Opposition lawmaker Um Sam An is escorted through the grounds of the Supreme Court last month in Phnom Penh.
Opposition lawmaker Um Sam An is escorted through the grounds of the Supreme Court last month in Phnom Penh. Heng Chivoan

CNRP's Um Sam An leaves ‘illegal’ court hearing

The dock at the Phnom Penh Municipal Court was empty yesterday in the case against opposition lawmaker Um Sam An after the defendant and his team of three lawyers stormed out just minutes into the hearing, decrying the proceedings as “illegal”.

Sam An, of the Cambodia National Rescue Party, was arrested in the early hours of April 11 in Siem Reap, shortly after his return to the Kingdom from abroad, and charged with “incitement to commit a felony (causing chaos in society)” and “incitement to cause discrimination”.

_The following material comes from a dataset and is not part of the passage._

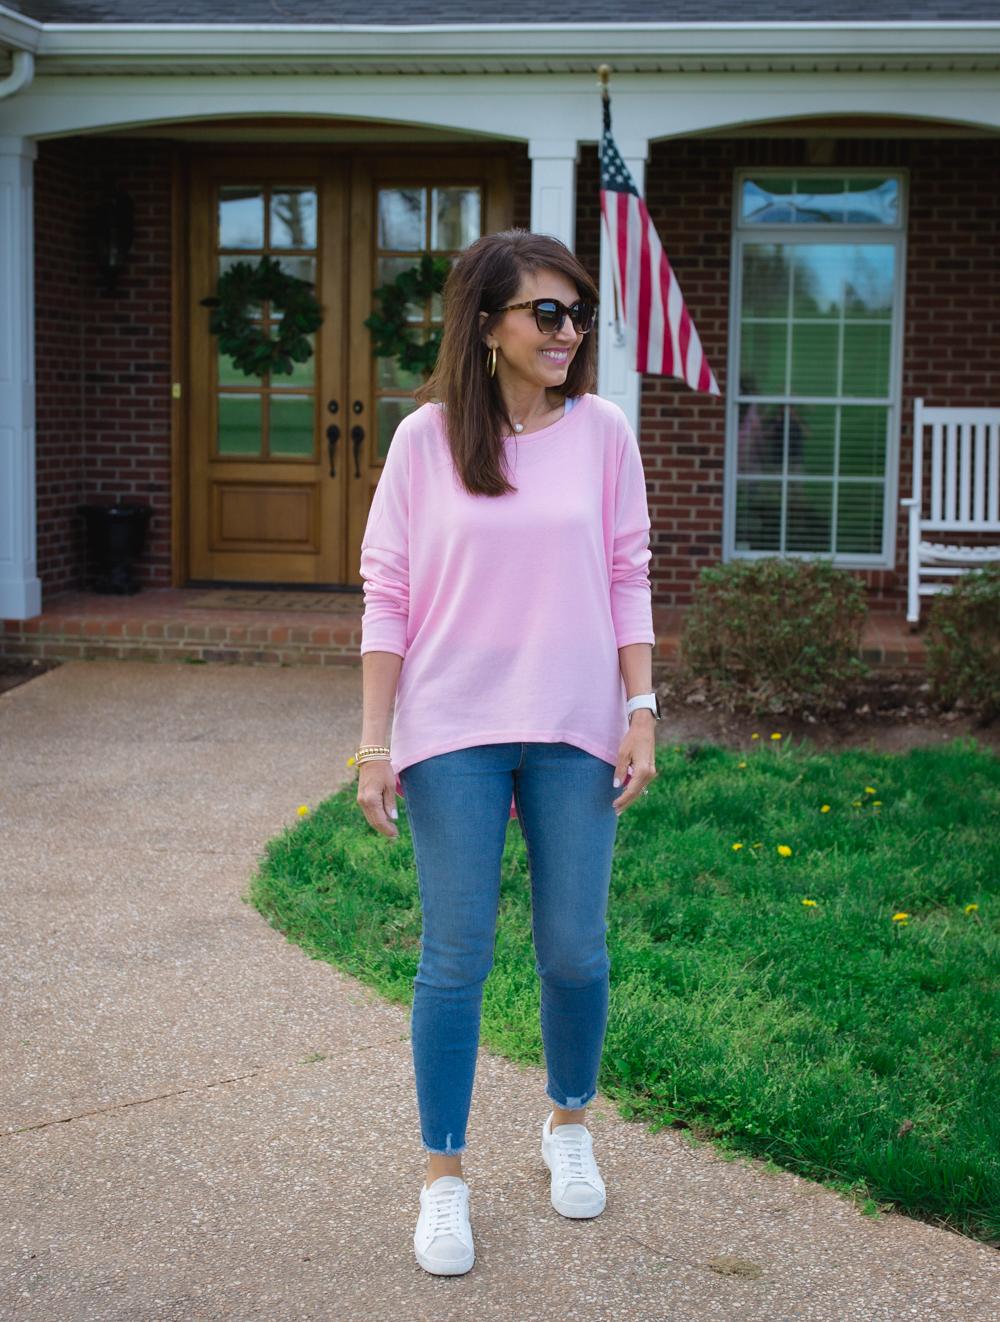 Sophia Jeans From Walmart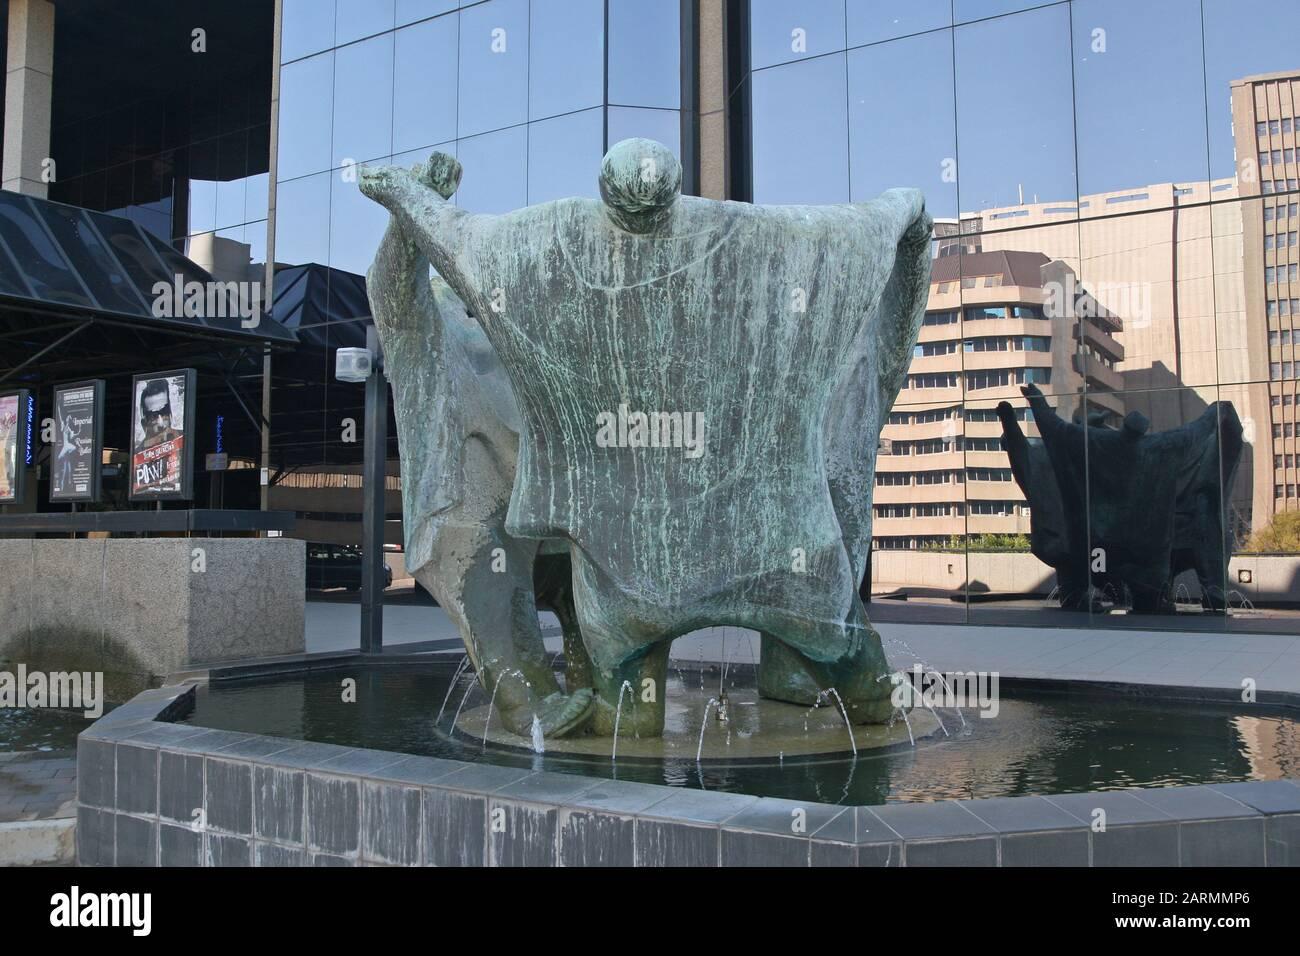 Les statues devant le théâtre de Joturg ont appelé Les Joueuses d'Ernest Ullman, Braamfontein, Johannesburg, Gauteng, Afrique du Sud. Banque D'Images

The charges sprang from a number of Facebook posts relating to the controversial Vietnam-Cambodia border, which Sam An, who also holds US citizenship, claimed the government had used incorrect maps to demarcate.

Sam An and his legal team had requested that the judge postpone the case, saying the Supreme Court had yet to rule on whether his parliamentary immunity rendered his initial arrest invalid.

However, judge Heng Sokna chose to continue the trial after prosecutor Kuch Kimlong argued the parliament’s decision to allow authorities to proceed with the case after Sam An’s arrest was binding.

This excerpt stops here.